I’ve won arguments and conflicts in the short-term, only for the other person to be better off without me and the life we shared in the long-run, which is to say I’ve been Vader. He’s all about being the toughest, and as a result he’s stuck in a terrible state of being. Heaven, Hell, Purgatory; these are all real places, not in some concrete-but-faraway sense, but in an abstract and very immediate sense (I have been in my own personal Hell and continue to march further and further away from it).
The question is: does this make Star Wars good? Its statements are platitudes, to which I’m bringing greater depth through my own life experience. I wonder if projecting my experiences onto a goofy movie about space wizards is like projecting meaning onto fortune cookies. There have been works I’ve taken things away from; Star Wars is something I bring meaning to. I choose to believe this is a reflection of the quality of the movie – that it’s complex enough in design to remind me of the important things that happened to me. I had thoughts that were caused by Star Wars.
Obi-Wan distracting the stormtroopers long enough to let our heroes get away is a great coincidence in fiction; coincidence can be a terrible thing (one of Pixar’s storytelling rules is that coincidence can get your hero into trouble but never out of it), but it feels fair here, and I think it’s because acting as distraction is exactly, precisely Obi-Wan’s goal. After getting the tractor beam down, getting the others out is more important to him than anything else, and he’s going to pay the ultimate price for it.
For a movie famous for its naive pleasures, this is a pretty powerful ‘growing up’ moment for Luke. Obi-Wan notices him and smiles at Vader like he’s already won, and he allows Vader to strike him down. Notice that Obi-Wan doesn’t get chopped in half – he vanishes. I always loved that Vader kicks at Obi-Wan’s clothes afterwards, as if he shrank down or something to dodge the blow. Luke’s impulsiveness emerges as grief-stricken violence, only talked into saving his own ass by getting yelled at (fantastic shot of the door closing in Vader’s face).

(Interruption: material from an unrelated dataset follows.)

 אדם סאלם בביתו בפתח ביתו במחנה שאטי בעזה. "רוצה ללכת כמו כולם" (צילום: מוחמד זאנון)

We already grieve for Obi-Wan; this, I think, is a weak moment in the film, where it’s expressed as Luke staring at the table. It’s not that this is unrealistic, but it’s not as vivid as most of the other emotional expressions we’ve had. I’ve also seen this scene criticised on feminist grounds – Leia is the one to comfort Luke through his grief when she herself saw her planet destroyed not an hour ago, and I could criticize that on story grounds – a million is a statistic and Obi-Wan was someone we cared about – but, you know, I see that.
Luckily, we move on pretty quick, because as Han says, we’re not out of the woods yet. Speaking strictly from the perspective of a young boy playing with toys, this is one of the coolest sections of the film; I always loved the design of the TIE Fighters, and the design of the weapons stations Han and Luke are using is great, with many arcade games successfully replicating the overall design. It’s also a reflection of Lucas’s deep bench of references; we’ve had samurai movies, Flash Gordon serials, and Westerns, and now we have WWII aerial combat movies. The weaving together of old reference points into a new system is something I dearly love; it sets off a bit of dopamine in my brain that recognises something familiar, and it makes the world of the work feel so much bigger.

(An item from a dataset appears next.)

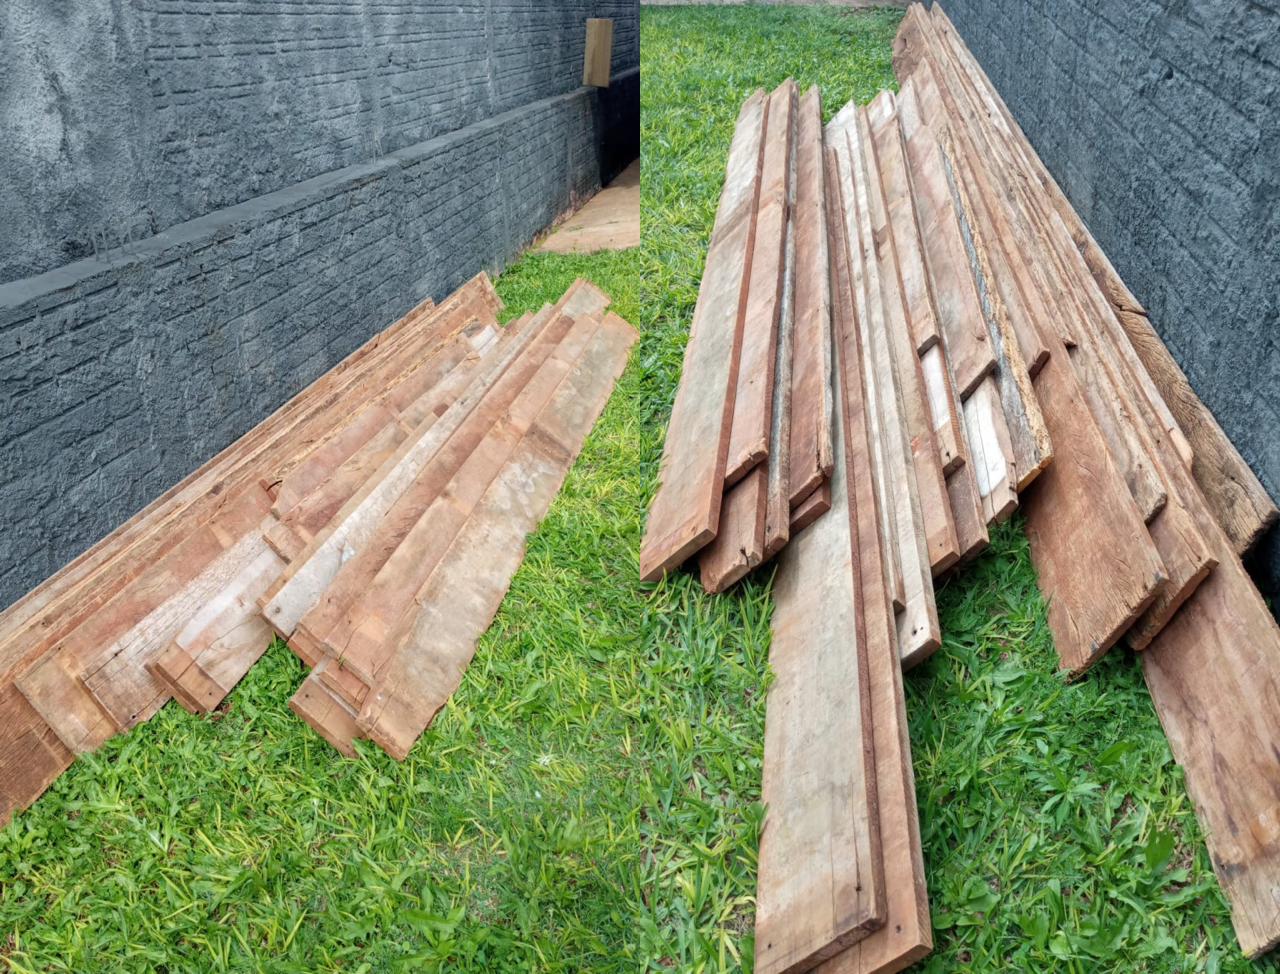 Polícia Civil conclui investigação e restitui madeiras furtadas em Francisco Alves 

(I’ll also concede that the Family Guy parody of these scene has one line that made me laugh hard: “Great, kid, don’t get penisy!”)
We then learn that the Imperial troops allowed the heroes to get away, leaving a homing beacon on it to track them; Leia correctly deduces this, to Han’s irritation. This whole scene brings out the childishness of the story, even more than the wacky comedy or laser swords; Han gets petty about being paid, and is so hurt by Leia’s rejection of him that he decides to mess with Luke, who is clearly attracted to her (ignore the continuity, ignore the continuity…)
When the heroes land on the Rebel Base, we get one brief little more reference: Aztec pyramids. These physical props and models are so important to the lived-in quality of the movie; not to keep banging on a point, but there’s a texture to this that’s lost in CG. There’s something for the actors to respond to and play off. Let’s face it: it’s just way cooler. The fact that everything is DIY also helps here; we’ve never seen this stuff before, and someone had to design it, and someone had to make it. The AI bubble we’ve been seeing the past few years has revealed that people don’t just want beauty; they want story, including the story of how someone made the story.
I don’t know much about military tactics, but the basic plan the Rebels lay out sounds very silly, and it’s often been criticized from multiple angles; for one thing, why would a ship that big have such a small exhaust port? I, for one, don’t actually give that much of a crap; it serves its goal cinematically, in giving us a single action that will save the entire day. Human beings are drawn to binary success/fail actions, no matter how little sense they practically make. Star Wars understands story before everything else.
(To me, Luke’s comment about bullseyeing womp rats is one of the funnier breaks from reality in this movie. Anywhere else, a teenager randomly killing small animals is a sign of psychopathy.)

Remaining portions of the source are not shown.